**Task goal:** Only one stretch of the records below is wanted: the lines from the one holding "LED Neon Sign - Women's Restroom - Large" through the one holding "Marvel's Avengers Endgame". Return it exactly, both ends included.

Start of Data supplied

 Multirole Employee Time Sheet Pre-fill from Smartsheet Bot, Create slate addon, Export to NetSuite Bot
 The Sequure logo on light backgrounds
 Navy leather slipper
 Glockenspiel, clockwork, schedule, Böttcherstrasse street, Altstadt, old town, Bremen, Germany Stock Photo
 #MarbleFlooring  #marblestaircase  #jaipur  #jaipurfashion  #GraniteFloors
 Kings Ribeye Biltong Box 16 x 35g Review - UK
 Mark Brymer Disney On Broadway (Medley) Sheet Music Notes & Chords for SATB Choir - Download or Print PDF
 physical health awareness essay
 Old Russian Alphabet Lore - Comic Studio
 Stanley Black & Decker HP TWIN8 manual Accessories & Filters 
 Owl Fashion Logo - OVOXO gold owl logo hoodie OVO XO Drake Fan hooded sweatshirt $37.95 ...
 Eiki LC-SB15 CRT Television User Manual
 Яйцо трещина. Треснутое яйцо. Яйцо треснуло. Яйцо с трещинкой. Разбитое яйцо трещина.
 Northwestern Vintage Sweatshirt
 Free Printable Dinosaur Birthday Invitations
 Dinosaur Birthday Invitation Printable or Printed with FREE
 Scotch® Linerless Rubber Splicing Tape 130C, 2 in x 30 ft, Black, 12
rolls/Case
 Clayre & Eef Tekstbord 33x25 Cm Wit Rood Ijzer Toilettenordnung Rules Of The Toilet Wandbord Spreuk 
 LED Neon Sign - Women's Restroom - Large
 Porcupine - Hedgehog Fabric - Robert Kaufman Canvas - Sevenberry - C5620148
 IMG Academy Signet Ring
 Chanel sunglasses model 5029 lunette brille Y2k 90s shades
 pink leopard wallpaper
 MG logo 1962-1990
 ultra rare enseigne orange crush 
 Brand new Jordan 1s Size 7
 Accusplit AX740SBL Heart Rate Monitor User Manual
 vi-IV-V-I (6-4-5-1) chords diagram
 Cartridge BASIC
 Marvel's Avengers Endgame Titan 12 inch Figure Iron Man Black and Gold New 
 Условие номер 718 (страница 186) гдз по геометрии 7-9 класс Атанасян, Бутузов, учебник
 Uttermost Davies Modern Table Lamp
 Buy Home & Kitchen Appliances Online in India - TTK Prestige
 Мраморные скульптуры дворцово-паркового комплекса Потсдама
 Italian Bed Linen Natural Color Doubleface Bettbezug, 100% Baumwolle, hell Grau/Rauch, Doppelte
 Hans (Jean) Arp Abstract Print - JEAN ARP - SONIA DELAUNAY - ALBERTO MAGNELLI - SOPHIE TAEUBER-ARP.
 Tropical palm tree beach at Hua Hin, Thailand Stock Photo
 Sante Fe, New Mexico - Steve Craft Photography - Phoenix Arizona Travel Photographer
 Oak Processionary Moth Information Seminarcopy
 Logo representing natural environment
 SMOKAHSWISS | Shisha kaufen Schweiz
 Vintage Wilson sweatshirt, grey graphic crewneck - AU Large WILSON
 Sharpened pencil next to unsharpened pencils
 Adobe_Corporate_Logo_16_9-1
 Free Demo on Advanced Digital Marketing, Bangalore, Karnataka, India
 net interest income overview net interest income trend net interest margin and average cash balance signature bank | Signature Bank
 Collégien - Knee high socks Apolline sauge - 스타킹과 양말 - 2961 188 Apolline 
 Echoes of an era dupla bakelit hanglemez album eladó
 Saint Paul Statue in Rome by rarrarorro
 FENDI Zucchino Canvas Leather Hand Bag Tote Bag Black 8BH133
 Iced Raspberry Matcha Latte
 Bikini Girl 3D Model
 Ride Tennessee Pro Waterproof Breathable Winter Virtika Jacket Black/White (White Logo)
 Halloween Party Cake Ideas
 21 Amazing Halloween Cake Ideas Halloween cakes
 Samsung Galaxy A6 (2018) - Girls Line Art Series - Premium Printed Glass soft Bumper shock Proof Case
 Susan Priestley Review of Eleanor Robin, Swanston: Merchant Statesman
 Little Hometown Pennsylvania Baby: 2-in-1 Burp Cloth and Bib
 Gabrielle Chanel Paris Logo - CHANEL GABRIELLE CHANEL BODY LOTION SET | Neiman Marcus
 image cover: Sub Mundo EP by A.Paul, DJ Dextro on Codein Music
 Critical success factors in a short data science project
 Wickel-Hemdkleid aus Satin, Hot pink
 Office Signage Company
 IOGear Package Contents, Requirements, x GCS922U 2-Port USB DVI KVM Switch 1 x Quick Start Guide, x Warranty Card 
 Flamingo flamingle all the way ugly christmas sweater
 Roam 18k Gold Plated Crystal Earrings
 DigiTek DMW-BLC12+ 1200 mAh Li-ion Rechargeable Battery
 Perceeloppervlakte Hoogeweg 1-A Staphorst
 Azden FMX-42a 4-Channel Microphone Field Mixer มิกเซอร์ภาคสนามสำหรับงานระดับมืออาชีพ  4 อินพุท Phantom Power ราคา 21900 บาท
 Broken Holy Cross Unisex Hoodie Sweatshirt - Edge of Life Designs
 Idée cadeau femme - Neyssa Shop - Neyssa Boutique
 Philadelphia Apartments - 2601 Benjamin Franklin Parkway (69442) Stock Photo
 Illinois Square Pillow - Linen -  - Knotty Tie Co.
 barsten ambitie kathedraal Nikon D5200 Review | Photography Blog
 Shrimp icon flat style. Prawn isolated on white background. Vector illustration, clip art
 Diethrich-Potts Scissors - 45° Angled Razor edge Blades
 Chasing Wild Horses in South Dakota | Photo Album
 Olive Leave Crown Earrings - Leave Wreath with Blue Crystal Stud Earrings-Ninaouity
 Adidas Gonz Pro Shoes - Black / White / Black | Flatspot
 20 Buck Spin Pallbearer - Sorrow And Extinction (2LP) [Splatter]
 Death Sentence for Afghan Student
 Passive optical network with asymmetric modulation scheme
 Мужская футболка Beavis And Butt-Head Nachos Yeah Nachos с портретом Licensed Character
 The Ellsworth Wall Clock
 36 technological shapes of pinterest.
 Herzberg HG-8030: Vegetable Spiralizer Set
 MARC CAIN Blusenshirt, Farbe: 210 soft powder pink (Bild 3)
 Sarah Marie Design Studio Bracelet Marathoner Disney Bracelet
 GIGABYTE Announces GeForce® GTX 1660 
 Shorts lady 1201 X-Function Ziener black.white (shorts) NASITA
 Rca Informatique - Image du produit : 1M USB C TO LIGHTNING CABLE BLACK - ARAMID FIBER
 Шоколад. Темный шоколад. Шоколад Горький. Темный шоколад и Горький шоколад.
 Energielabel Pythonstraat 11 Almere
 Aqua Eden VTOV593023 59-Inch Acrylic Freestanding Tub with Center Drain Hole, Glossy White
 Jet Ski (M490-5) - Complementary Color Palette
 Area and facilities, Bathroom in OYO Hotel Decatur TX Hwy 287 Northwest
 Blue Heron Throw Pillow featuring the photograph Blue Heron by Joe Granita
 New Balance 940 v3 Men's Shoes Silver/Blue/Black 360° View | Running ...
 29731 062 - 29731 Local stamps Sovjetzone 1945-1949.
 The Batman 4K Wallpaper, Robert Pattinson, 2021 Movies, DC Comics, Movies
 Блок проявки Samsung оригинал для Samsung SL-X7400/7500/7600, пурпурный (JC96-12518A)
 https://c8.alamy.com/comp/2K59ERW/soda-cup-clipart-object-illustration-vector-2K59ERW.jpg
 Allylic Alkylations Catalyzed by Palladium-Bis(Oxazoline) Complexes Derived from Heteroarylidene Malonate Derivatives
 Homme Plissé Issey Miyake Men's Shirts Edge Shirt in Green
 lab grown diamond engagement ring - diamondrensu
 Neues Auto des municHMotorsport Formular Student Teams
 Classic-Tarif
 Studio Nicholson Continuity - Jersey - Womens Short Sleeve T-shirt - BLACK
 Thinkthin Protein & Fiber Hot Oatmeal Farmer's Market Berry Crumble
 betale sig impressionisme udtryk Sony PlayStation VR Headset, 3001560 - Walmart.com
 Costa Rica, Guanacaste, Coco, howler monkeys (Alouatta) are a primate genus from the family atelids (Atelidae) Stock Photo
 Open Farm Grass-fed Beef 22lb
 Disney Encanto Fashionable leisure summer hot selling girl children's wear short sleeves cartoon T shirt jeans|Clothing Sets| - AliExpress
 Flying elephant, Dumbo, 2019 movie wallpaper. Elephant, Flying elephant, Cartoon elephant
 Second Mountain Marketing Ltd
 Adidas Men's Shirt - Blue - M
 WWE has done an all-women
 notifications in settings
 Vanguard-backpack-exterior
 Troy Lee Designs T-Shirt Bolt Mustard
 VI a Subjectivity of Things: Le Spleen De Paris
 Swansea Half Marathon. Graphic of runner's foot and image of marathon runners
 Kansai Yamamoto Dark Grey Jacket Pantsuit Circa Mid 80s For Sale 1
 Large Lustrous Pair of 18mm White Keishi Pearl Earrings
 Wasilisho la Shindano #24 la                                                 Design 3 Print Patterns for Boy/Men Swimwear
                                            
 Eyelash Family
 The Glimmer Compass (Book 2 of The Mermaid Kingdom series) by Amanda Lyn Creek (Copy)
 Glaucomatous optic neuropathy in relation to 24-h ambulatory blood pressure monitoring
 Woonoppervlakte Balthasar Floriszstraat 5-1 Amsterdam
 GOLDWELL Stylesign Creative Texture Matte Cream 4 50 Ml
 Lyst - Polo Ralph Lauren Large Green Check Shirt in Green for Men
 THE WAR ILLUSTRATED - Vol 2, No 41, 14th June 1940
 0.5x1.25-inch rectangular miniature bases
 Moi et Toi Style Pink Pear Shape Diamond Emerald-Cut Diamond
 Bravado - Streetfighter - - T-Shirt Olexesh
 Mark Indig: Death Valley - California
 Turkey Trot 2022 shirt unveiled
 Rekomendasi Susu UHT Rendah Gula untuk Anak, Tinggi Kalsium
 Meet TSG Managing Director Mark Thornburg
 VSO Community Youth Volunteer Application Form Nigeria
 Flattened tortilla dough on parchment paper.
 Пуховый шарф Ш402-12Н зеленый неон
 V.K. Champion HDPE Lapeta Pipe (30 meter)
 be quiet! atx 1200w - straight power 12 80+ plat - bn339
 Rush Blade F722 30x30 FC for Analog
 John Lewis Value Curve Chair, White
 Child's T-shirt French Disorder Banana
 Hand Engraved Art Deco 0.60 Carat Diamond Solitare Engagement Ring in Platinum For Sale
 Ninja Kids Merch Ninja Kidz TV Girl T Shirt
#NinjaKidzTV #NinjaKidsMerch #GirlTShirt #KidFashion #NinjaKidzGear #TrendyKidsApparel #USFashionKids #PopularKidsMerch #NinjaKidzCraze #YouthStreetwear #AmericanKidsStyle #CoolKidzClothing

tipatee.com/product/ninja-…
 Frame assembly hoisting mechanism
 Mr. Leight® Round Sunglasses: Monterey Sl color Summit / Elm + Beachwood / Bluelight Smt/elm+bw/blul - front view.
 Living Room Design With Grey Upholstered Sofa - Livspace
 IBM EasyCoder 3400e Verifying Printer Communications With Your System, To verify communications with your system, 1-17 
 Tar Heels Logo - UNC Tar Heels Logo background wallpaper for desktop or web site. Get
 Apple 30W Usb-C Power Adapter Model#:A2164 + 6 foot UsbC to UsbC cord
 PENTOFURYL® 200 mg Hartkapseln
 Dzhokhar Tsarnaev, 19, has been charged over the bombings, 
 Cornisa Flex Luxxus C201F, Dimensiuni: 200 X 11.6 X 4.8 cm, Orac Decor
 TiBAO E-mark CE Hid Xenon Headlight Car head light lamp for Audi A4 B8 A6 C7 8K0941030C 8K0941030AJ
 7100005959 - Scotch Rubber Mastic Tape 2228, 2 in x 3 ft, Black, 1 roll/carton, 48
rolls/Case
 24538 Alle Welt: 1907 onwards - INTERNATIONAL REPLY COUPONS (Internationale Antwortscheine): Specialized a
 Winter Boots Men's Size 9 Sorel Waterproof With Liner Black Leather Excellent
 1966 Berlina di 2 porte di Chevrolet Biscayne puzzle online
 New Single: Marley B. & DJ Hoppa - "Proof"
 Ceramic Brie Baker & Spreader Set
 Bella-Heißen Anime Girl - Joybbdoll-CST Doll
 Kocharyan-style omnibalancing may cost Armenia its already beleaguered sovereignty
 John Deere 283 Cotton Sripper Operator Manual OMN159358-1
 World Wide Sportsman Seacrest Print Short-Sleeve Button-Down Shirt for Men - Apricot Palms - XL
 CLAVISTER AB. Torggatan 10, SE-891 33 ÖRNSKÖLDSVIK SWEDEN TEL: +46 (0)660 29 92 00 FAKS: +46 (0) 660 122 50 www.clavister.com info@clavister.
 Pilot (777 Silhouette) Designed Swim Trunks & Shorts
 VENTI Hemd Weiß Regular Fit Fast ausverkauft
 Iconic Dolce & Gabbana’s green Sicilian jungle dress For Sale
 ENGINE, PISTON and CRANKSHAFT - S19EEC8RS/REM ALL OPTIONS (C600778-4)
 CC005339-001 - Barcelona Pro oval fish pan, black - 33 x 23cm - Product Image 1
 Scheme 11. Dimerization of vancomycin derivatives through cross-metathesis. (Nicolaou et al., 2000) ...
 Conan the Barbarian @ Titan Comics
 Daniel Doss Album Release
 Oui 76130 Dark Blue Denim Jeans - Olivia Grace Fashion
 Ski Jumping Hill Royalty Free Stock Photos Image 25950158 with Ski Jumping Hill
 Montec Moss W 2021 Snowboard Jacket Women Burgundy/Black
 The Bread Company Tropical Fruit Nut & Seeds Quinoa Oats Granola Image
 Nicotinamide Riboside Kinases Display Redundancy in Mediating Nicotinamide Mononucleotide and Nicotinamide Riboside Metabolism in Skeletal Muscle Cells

End of Data supplied

**Output:**
 LED Neon Sign - Women's Restroom - Large
 Porcupine - Hedgehog Fabric - Robert Kaufman Canvas - Sevenberry - C5620148
 IMG Academy Signet Ring
 Chanel sunglasses model 5029 lunette brille Y2k 90s shades
 pink leopard wallpaper
 MG logo 1962-1990
 ultra rare enseigne orange crush 
 Brand new Jordan 1s Size 7
 Accusplit AX740SBL Heart Rate Monitor User Manual
 vi-IV-V-I (6-4-5-1) chords diagram
 Cartridge BASIC
 Marvel's Avengers Endgame Titan 12 inch Figure Iron Man Black and Gold New 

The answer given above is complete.